## Exercise data:
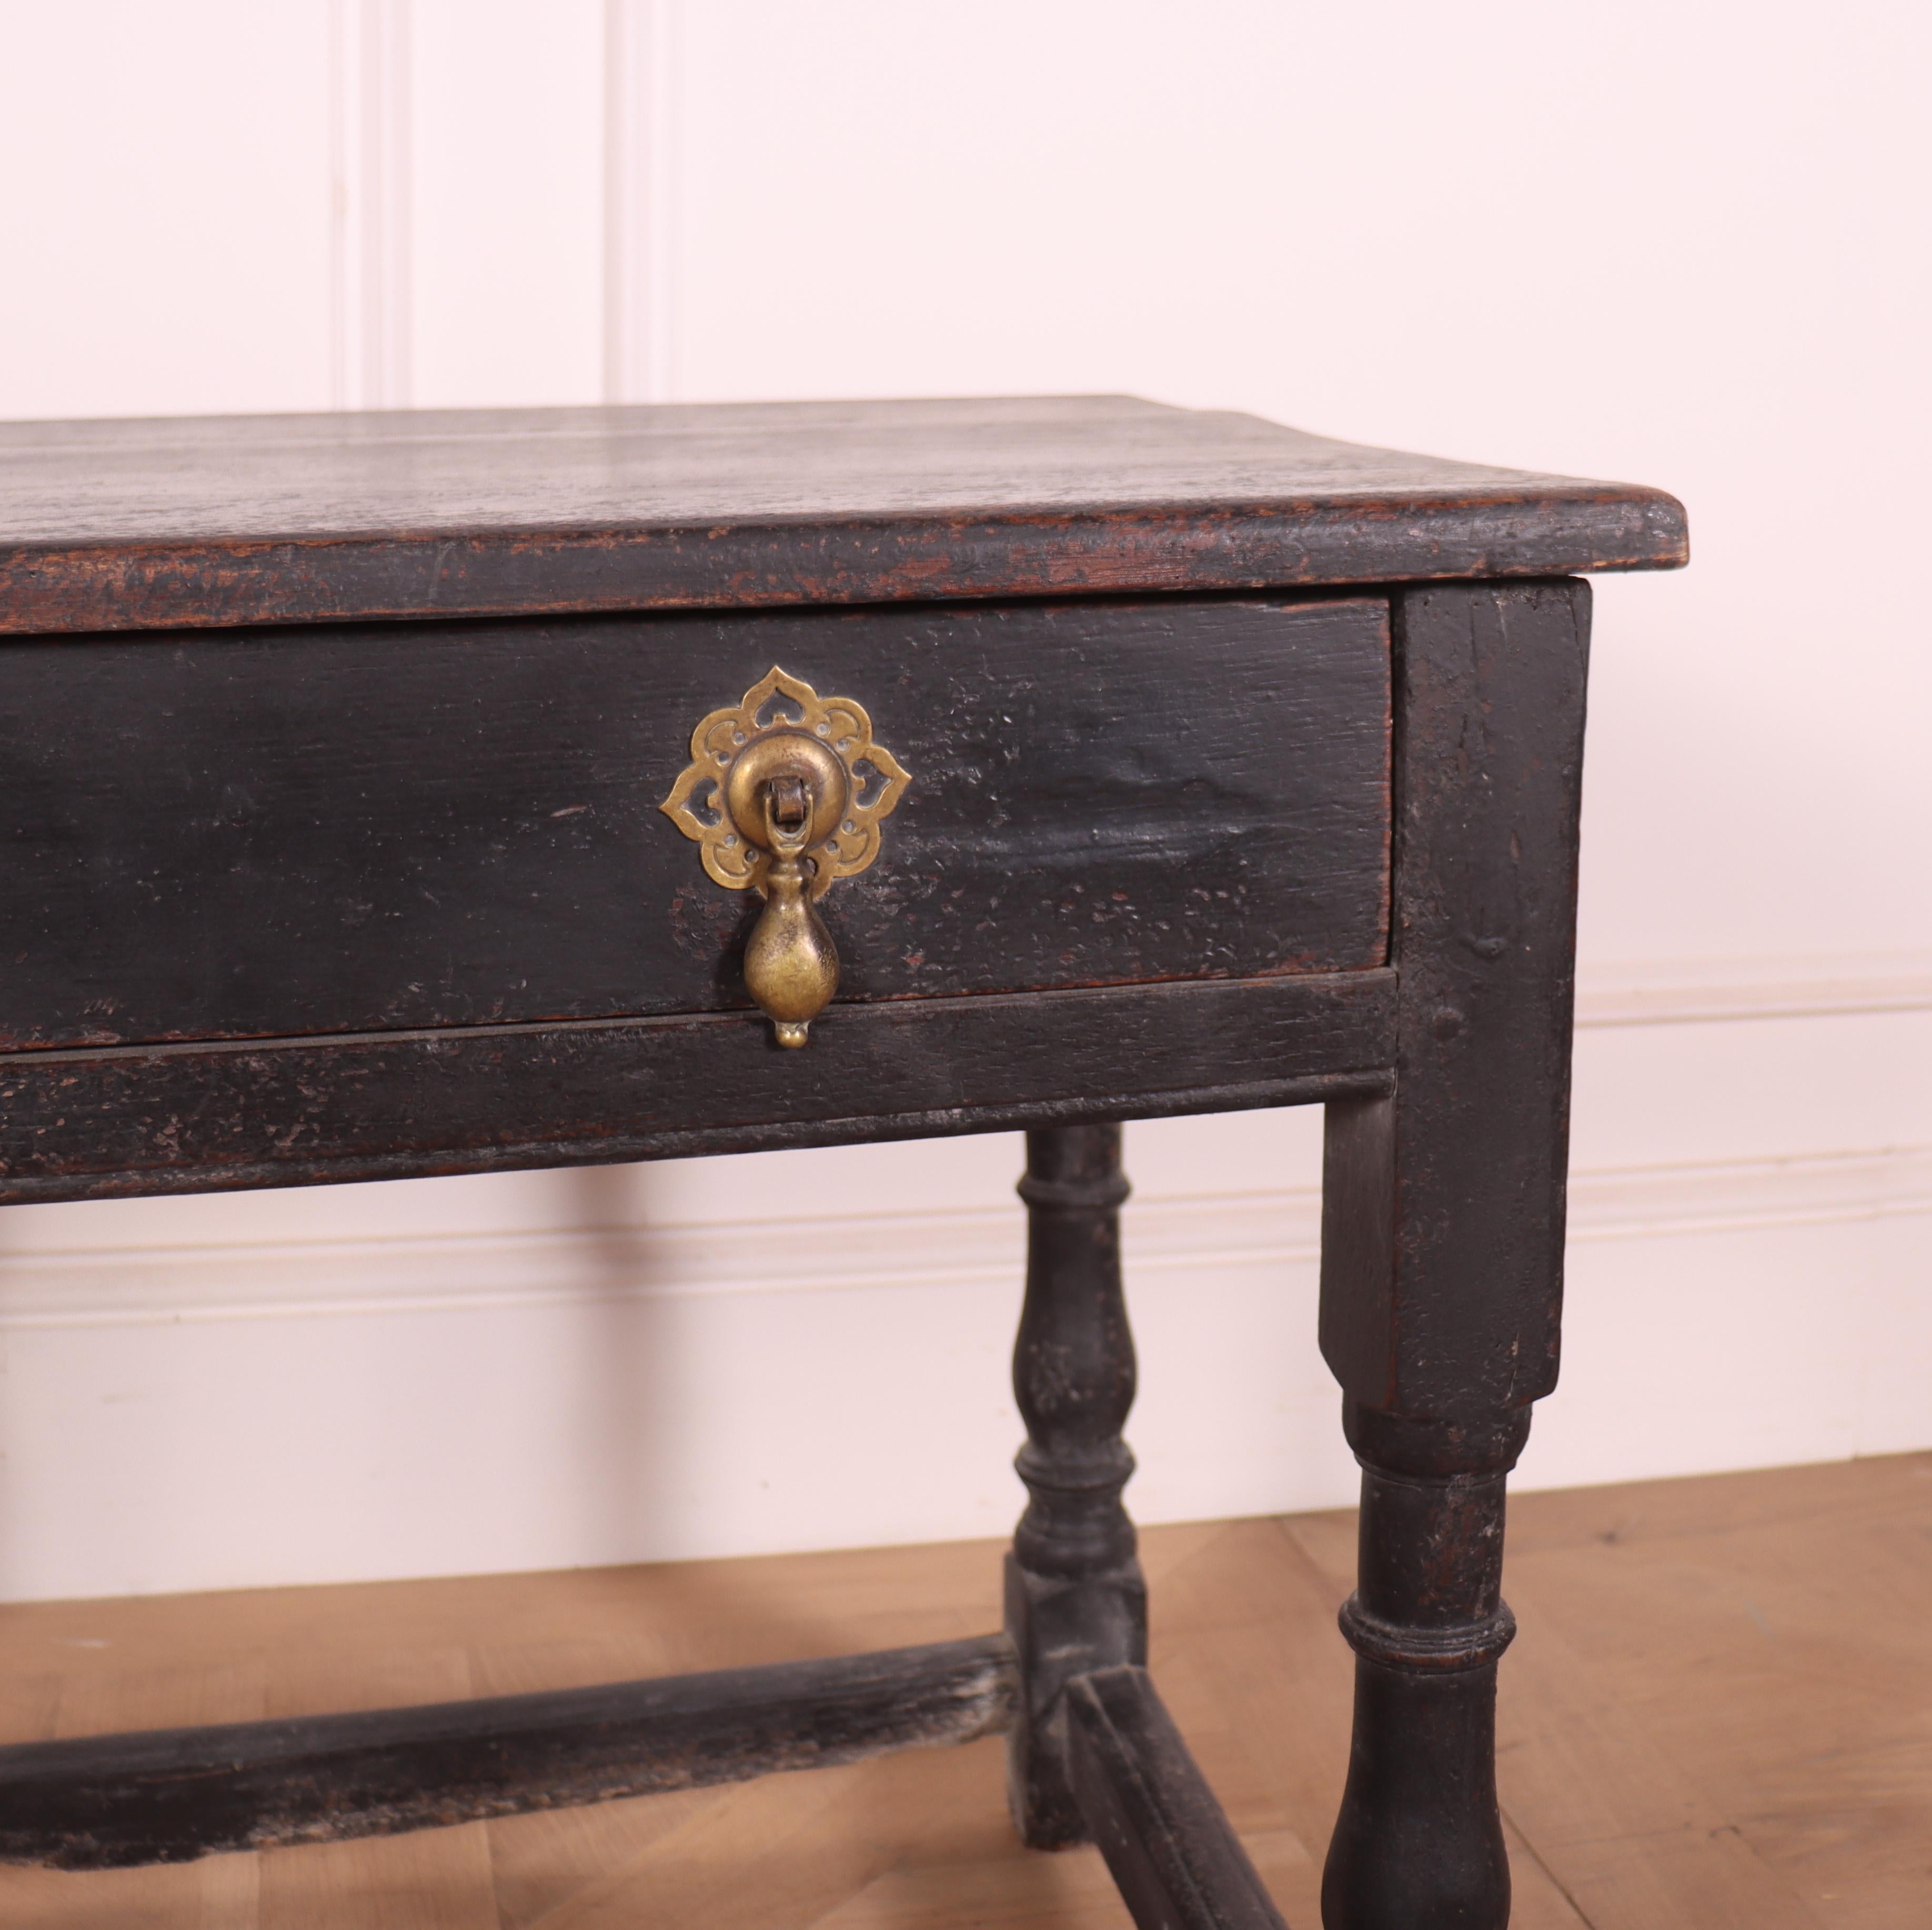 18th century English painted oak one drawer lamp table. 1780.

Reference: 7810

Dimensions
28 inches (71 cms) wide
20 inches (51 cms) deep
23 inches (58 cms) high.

## Your objective:
On how many lines of the data does the word "inches" appear? Reply with the number alone.

## Exercise response:
3